И последнее. Когда мы отказываемся от больших наррати-вов, на выходе это приводит к тому, что все разговоры сводятся к вопросу: что делать? Мы должны дать кому-то совет: ты вот так поступишь и у тебя все будет хорошо. Мы относимся к этому процессу так, как будто были сделаны какие-то ошибки, которые привели к этой ситуации, и их нужно просто исправить, тогда все рассосется. Нет, не рассосется. То, что мы называем исламизмом как идеологией; то, что мы называем салафизмом как политизированными теологическими взглядами; то, что мы называем джихадизмом, который по сути является вооруженным крылом этого явления, — это определенные макроисторические явления, являющиеся следствием иных макроисторических явлений. Это такая грозная поступь истории, которую нельзя ни исправить, ни скорректировать. Наверное, она может измениться, как, допустим, выдохся марксизм. Но как марксизм сформулировал конец XIX-XX вв., так XXI век — будет сделан исламизмом, который, может быть, и изменится, как-то эволюционирует.

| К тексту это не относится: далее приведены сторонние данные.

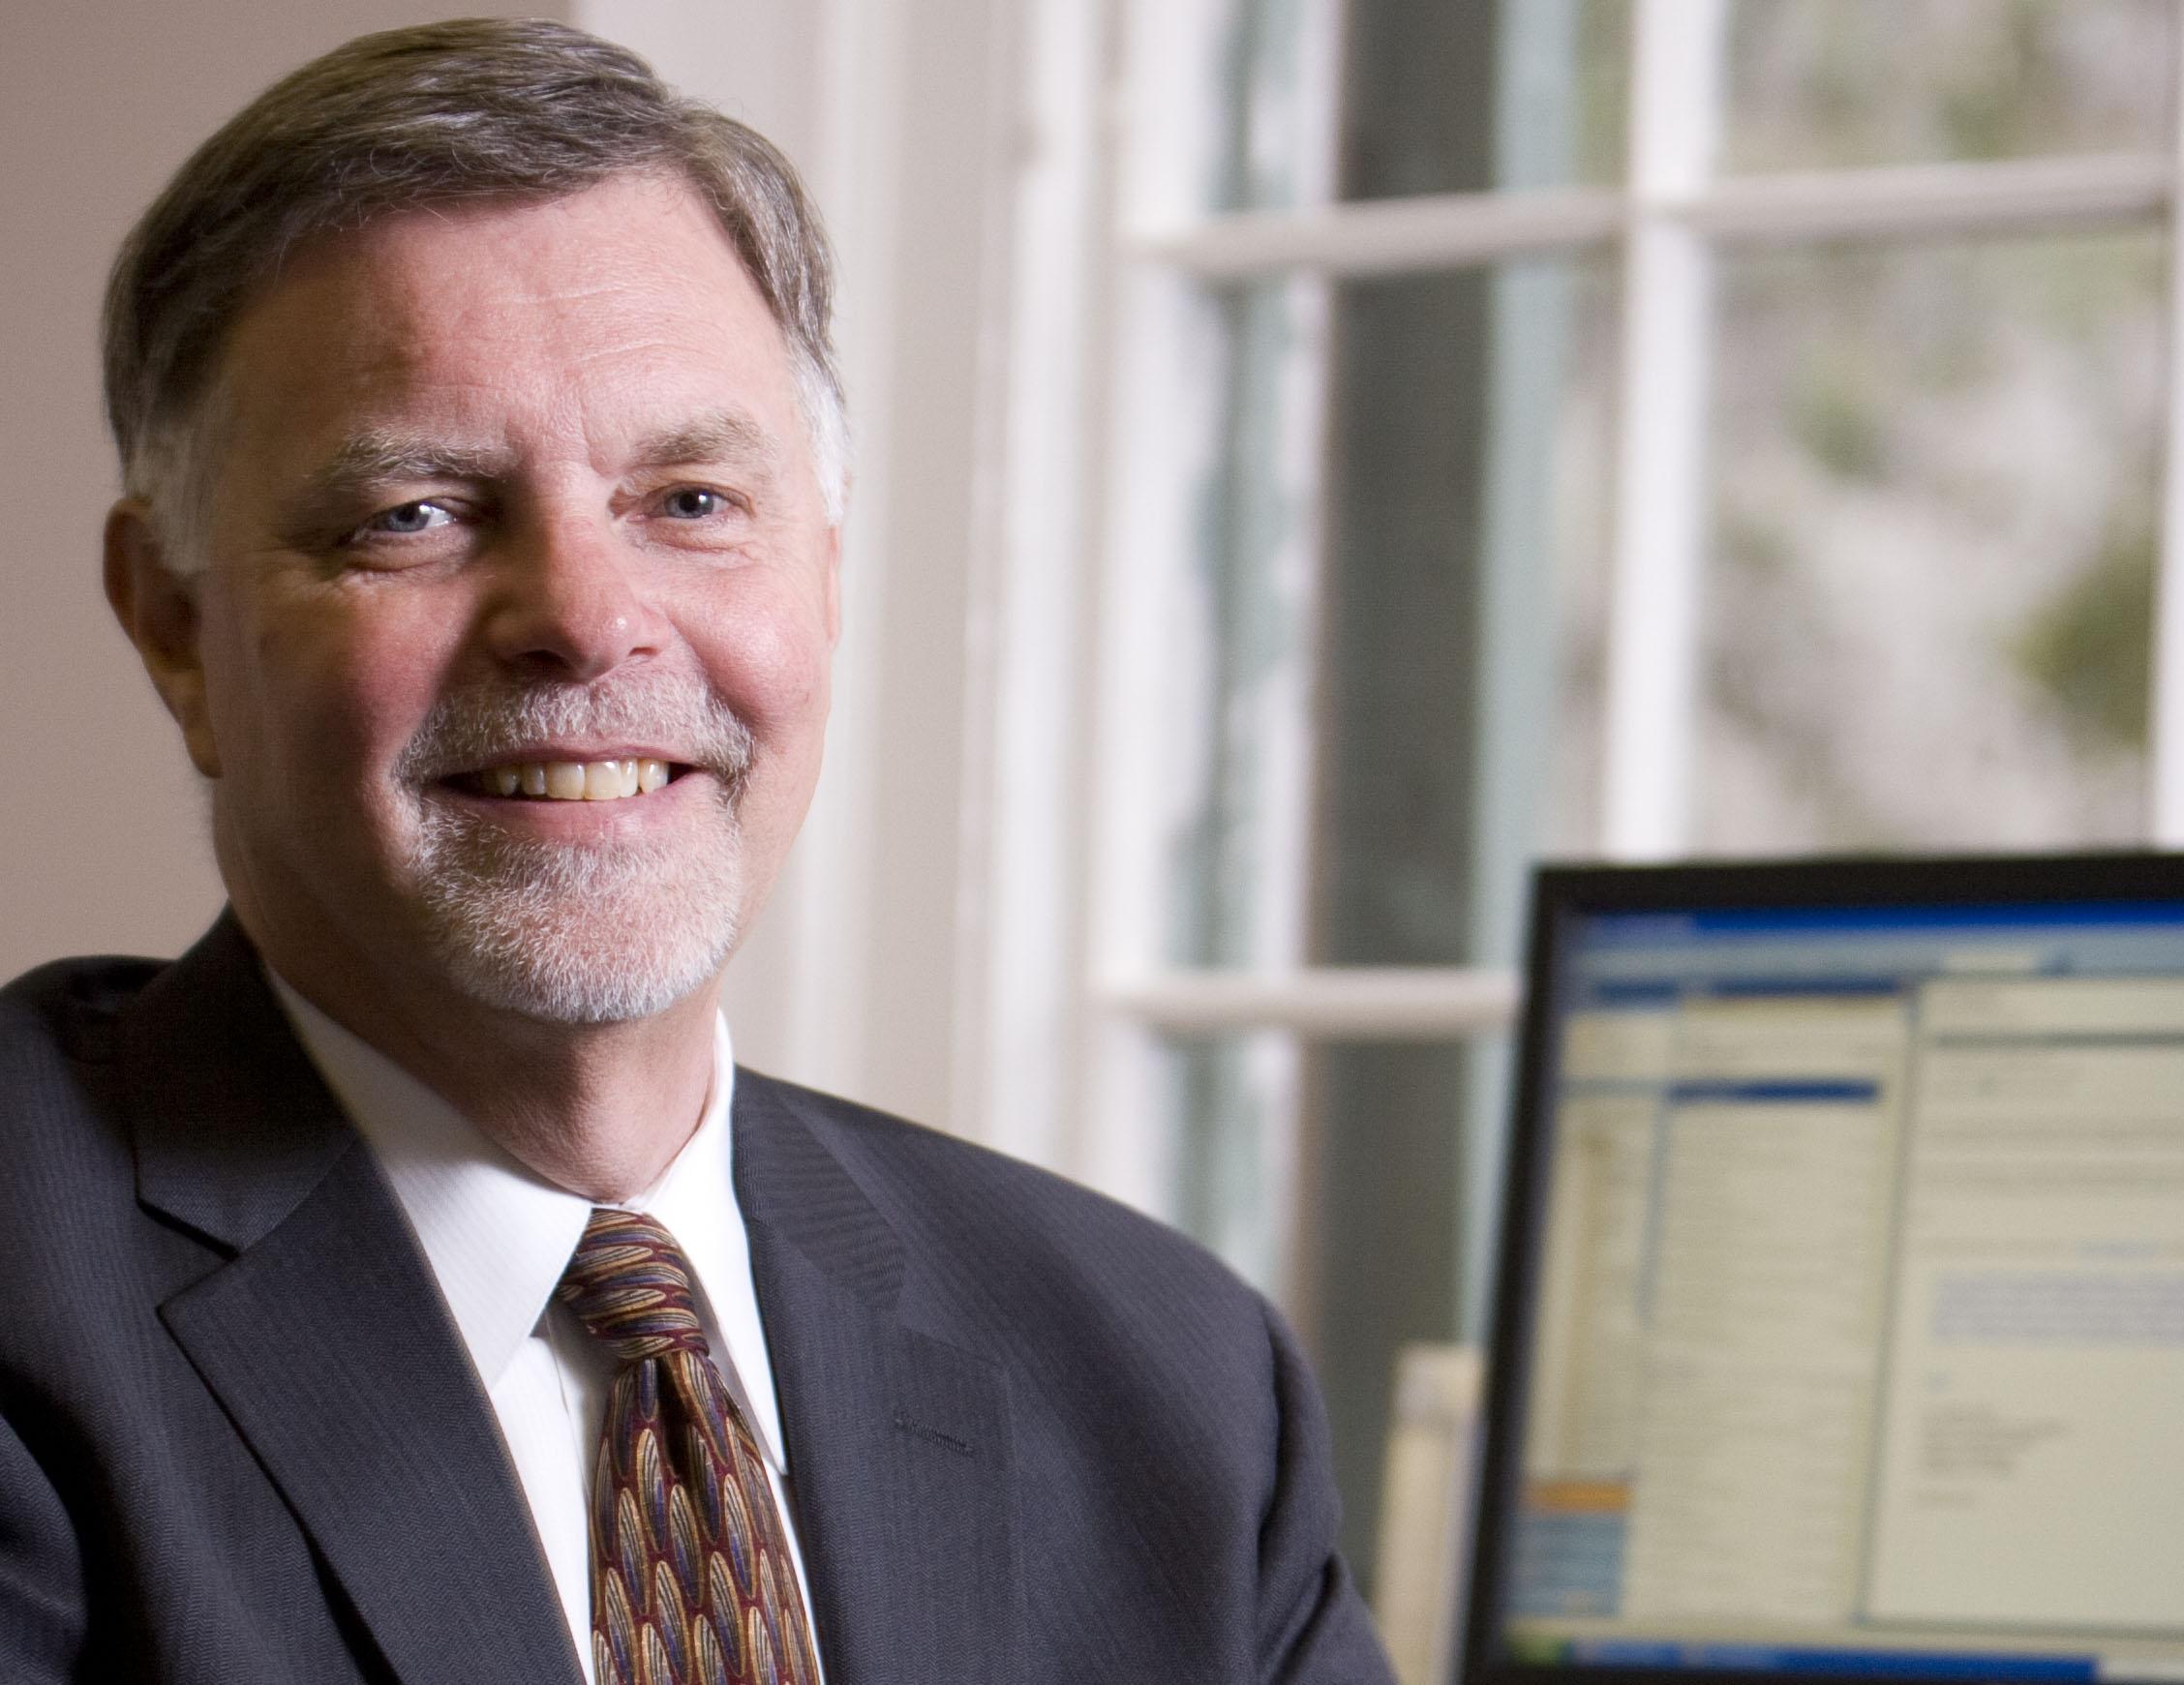 College of Charleston Provost George Hynd

Я думаю, что речь может идти только об игре в долгую. По аналогии с большевизмом. Советский Союз, который был создан достаточно радикальными ребятами: Лениным, Троцким, рассматривавшими территорию Российской Империи как тыл, плацдарм, которым можно пожертвовать, так как они играли в революцию в Германии, в революцию в Британии, в революцию во Франции, так как там был пролетариат, там была промыш-
ленность. Они же не за этих вот ребят из лесных деревенек боролись, которых сам Владимир Ильич называл мелкой буржуазией. Но уже в 27 году Советский Союз признает Соединенные Штаты. Концепция перманентной революции сменяется концепцией построения социализма в одной отдельно взятой стране. Далее мирное сосуществование систем, конвергенция, ну а дальше Горбачев и известный конец.

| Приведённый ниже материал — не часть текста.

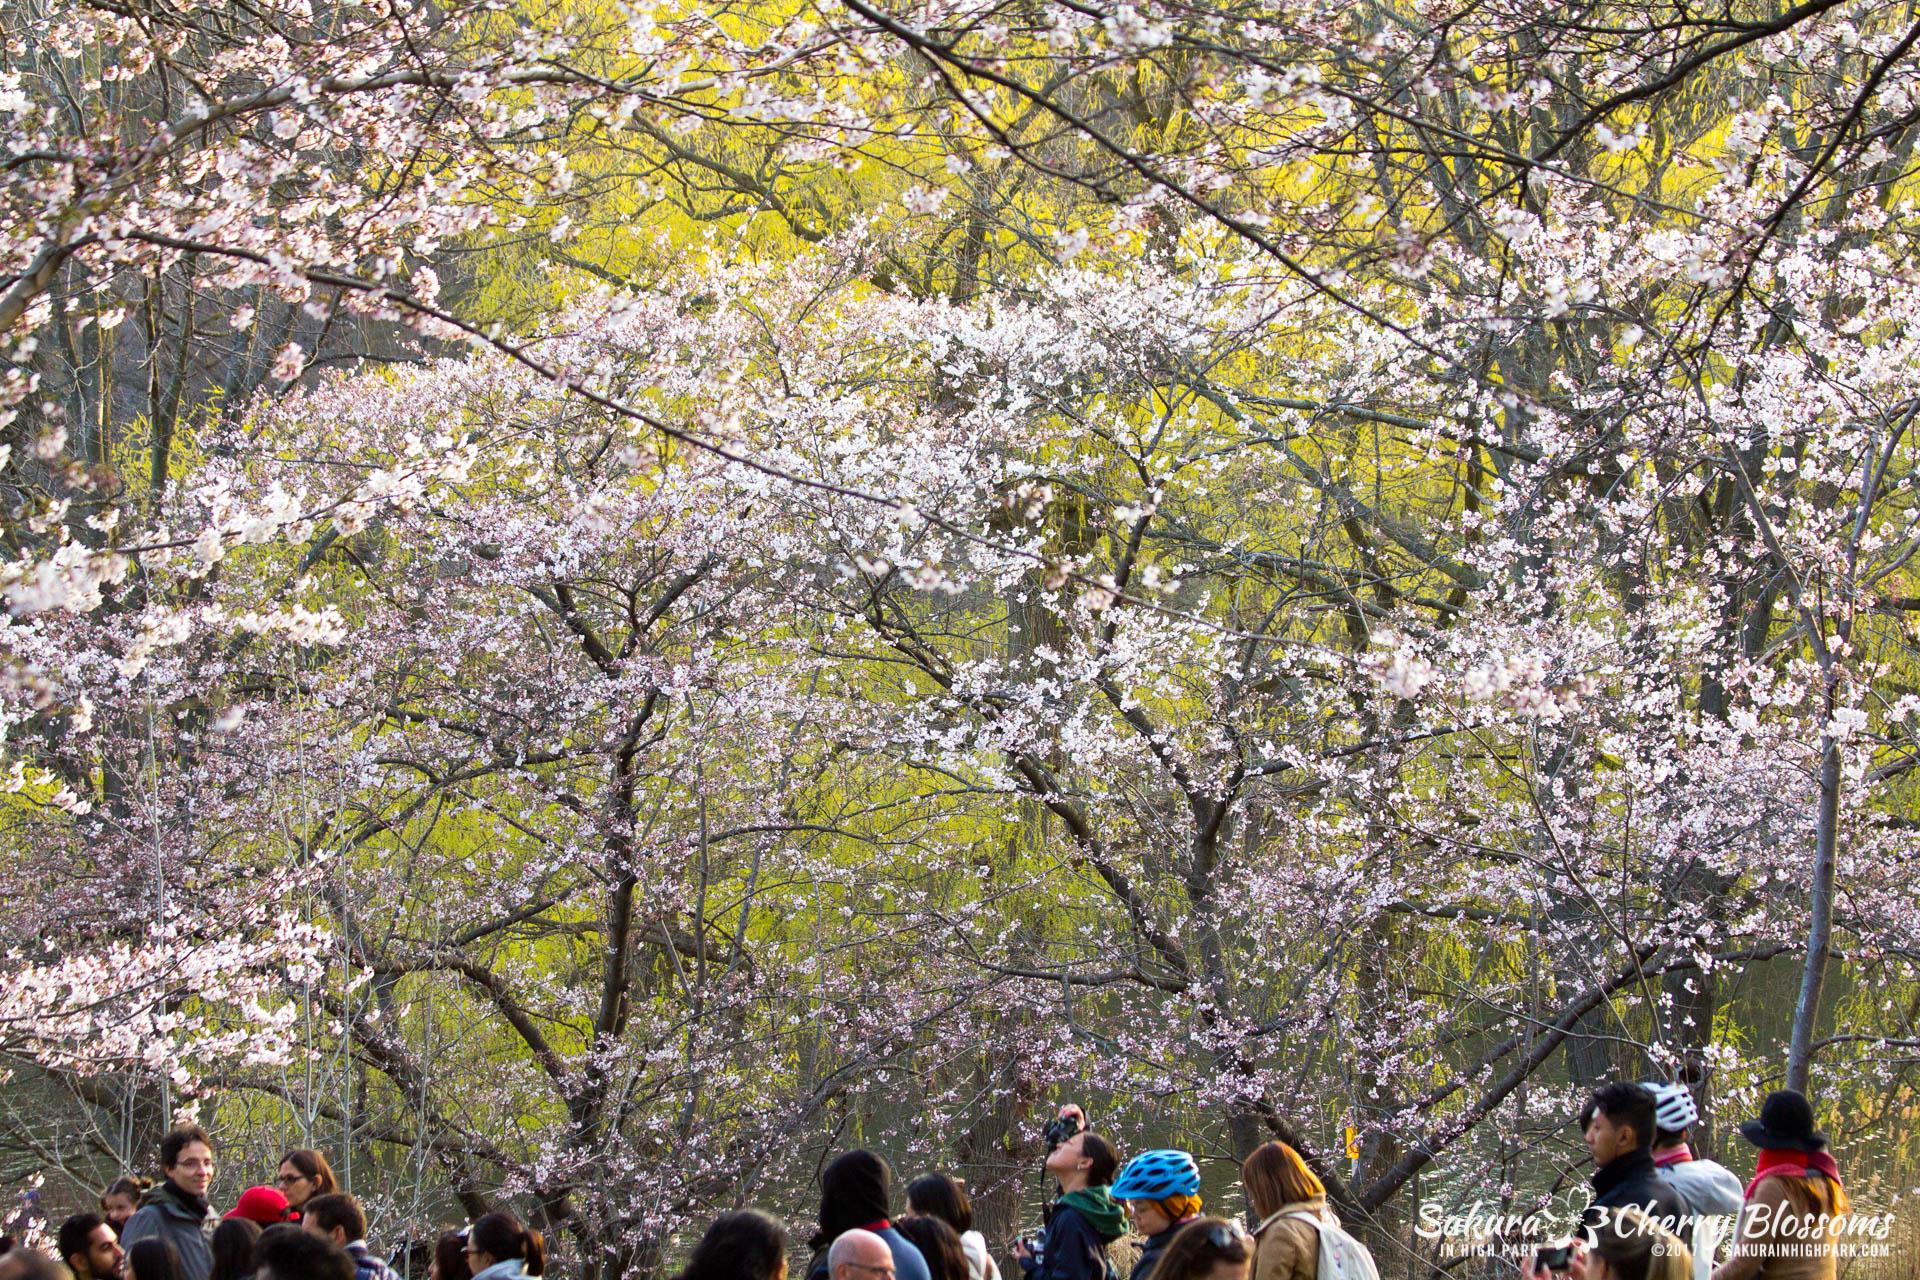 Sakura-Watch-April-24-2017-bloom-has-begun-with-more-to-come-97.jpg

Василий Кузнецов: У меня комментарий. Я хотел бы обратить внимание Орхана на несколько моментов. Что, говоря об исламском мире, географический ареал Вашего рассказа был ограничен Ираком на Востоке и Египтом, возможно Ливией, на Западе. Все остальное не имело отношения к Османской Империи к моменту войны, поэтому речь не шла ни об Индонезии, ни об Индии, ни о Пакистане. Это первый момент. Второй момент. Это не возражение, это просто вот какое соображение. Когда Вы говорите, что исламизм — это религиозное течение, я с этим не спорю, но тогда мы должны анализировать его как религиозное, а не как политическое течение в дальнейшем. Третий момент. Мне кажется очень важным, что, скажем, когда мы говорим о возникновении «Братьев-мусульман» в Египте — это был ответ не только Западу, но и собственной предавшей народ элите. Был элемент борьбы (это кстати есть и в ДАИШ), элемент борьбы с внутренними колониальными силами, которые воспринимаются как агенты Запада. И последний момент — когда мы говорим о современном вот этом процессе, когда Вы сопоставляете исламизм и марксизм. Мне кажется здесь есть принципиально важная вещь: в силу генетических своих особенностей, эффект воздействия исламизма лимитирован культурно, религиозно и т. д. Он не обладает универсальным содержанием.
Орхан Джемаль: Это очень ценное замечание. Хотя я бы отметил, что у марксизма тоже есть религиозные корни и они именно протестантские. Это определенная традиция христианского утопизма. Это не иудейский утопизм. Поэтому не очевидно, что необходимо строго разграничивать религиозное и политическое движение, может быть между ними не такая уж непроходимая граница. А то, что Вы сказали о лимитированности, — да, безусловно. Пока исламизм не выдвинет отдельную программу для не мусульман, он обречен.
Ирина Стародубровская: Не хватает апостола Павла.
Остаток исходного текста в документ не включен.